Uprooted; Burlington, Iowa forces Betty Hayes from her home of 51 years

Eminent domain abuse can happen anywhere to anyone, whether in a small town or big city, whether you are rich or poor, young or old.  Elderly residents in rural Burlington, Iowa, are the most recent example, having seen that their own city government plans to bring in the wrecking ball on their World War II-era homes—just so the city could make more money.

Betty Hayes has lived in The Manor neighborhood since she and her husband bought the house 51 years ago.  Her husband passed away four years ago and their six children all grew up there, but the family remains in the home just the same.

“I am proud to have hosted every single Thanksgiving dinner for as far back as I can remember,” said Mrs. Hayes.  “My husband would be proud to see that we all still make good use of the home he worked so hard to improve, to make a place we could call home and remember him always.”[1]

But evidently, the memories and hard work of the Hayes family home are of absolutely no importance to the tax-hungry City Council of Burlington.  The Council has seen an opportunity to enlarge its coffers and wants to bulldoze the areas occupied by the homes of long-standing residents.[2]  This type of abuse against those with few resources is exactly the kind forecast by Justice O’Connor in her famous dissent in Kelo v. City of New London:  the poor would be forced out to make way for the richer..

Despite the Council’s grandiose vision, Mrs.
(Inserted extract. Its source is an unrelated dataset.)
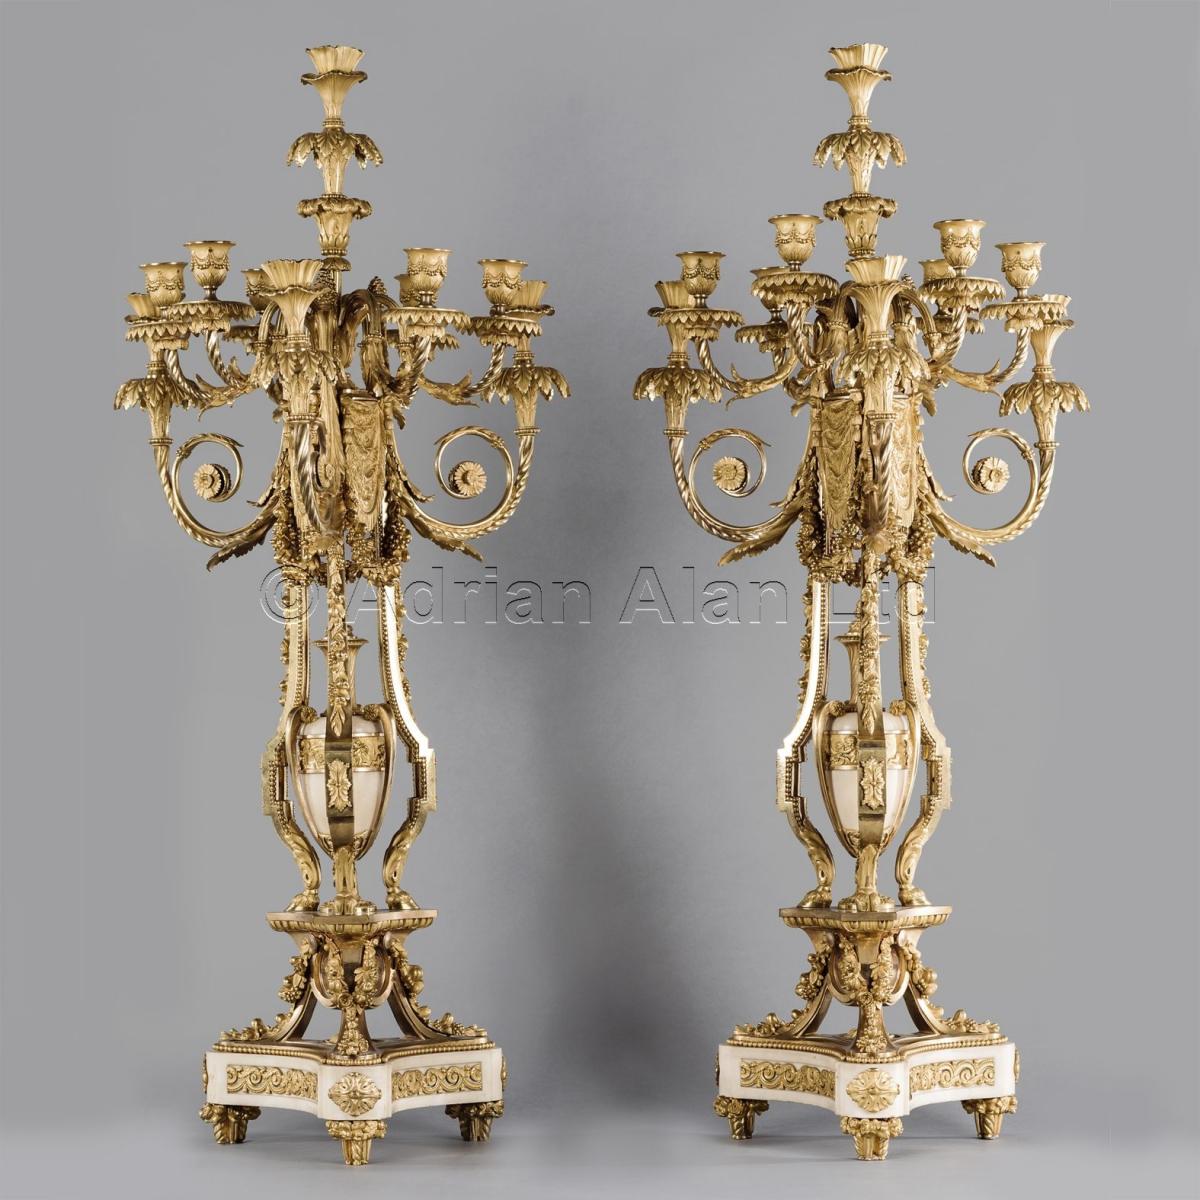 A Pair Of Ten-Light Candelabra After Pierre Gouthière, by Henri Picard ©AdrianAlanLtd

Hayes, along with several neighbors, pressed on—they told the City Council that their homes were not for sale.  They organized a community meeting and passed out flyers all over the neighborhood, alerting passersby to the terrible abuses occurring right in their own backyards.

Betty Hayes would not let her 78 years stop her.  She wrote several letters to the editor of The Burlington Hawk Eye[3] and attended every single Council and neighborhood meeting, and her children sometimes joined her.

Still, the City Council members ignored the fact that so many elderly residents would be forced to move from the homes they had known for so long, many without mortgages.  Realizing many would simply not sell out to the city, the area was designated as “blighted”—a backdoor, standardless tactic used to take property by eminent domain.[4]

City Council members attempted to cushion the blow by saying they would “relocate” the residents displaced by eminent domain proceedings.  Relocation plans included moving the residents to low-income apartments in a different section of town.  Showing a paternalistic view that is becoming all-too-common among government officials these days one council member said, “they will be better off there than they are now.”[5]

It is highly doubtful that Manor residents, many in their 80s, would feel better once moved into apartments—not houses—that reflect absolutely none of their personal history of the last several decades.

Betty Hayes put it best when she said, “The City of Burlington has promised that it will help me find a different place to live after they’ve kicked me out.  But that new place to live will not have memories of my husband all around, and it will not be the place that has hosted almost every family holiday since my children were babies.”

Despite the efforts and major outcry over the bulldozing of The Manor, it was tragically not enough to save the neighborhood of homes.  The elderly people fought hard and until the very end to cling to their homes, but the overbearing and fast-moving City Council was simply too much for them:  January 2007 marked the beginning of the end of a bitter battle between the Burlington City Council and The Manor residents when the city voted to start the eminent domain procedure.  Almost a dozen of the remaining residents will be pushed out of their homes by eminent domain.[6] 

It is always a tragedy when people lose their homes or small businesses to eminent domain abuse.  Property rights are indeed the foundation of all our rights—no matter how young or old, rich or poor we may be.  Let the example of Burlington, Iowa be proof that no one’s home is safe from the government’s wrecking ball until eminent domain for private gain is a thing of the past.


[1] Note:  Quotations from Betty Hayes are from a personal phone interview conducted by Melanie Harmon, the Institute for Justice, January 3, 2007.

[2] Amy Barrileaux, “Burlington seniors may be forced from their homes,” WQAD Moline, Ill., November 9, 2006.

[3] Betty Hayes, “No to Manor plan,” Burlington Hawk Eye, September 26, 2006.

  Betty Hayes, “House hunting,” Burlington Hawk Eye, November 8, 2006.

  Betty Hayes, “Unanswered questions,” Burlington Hawk Eye, December 9, 2006.

 

[4] City of Burlington, Iowa:  City Council Meeting Minutes, September 25, 2006.  Courtesy of Manor resident Cecil Lowe.

[5] Ibid.

[6] James Quirk, Jr. “City proceeds with eminent domain plan,” Burlington Hawk Eye, February 7, 2007.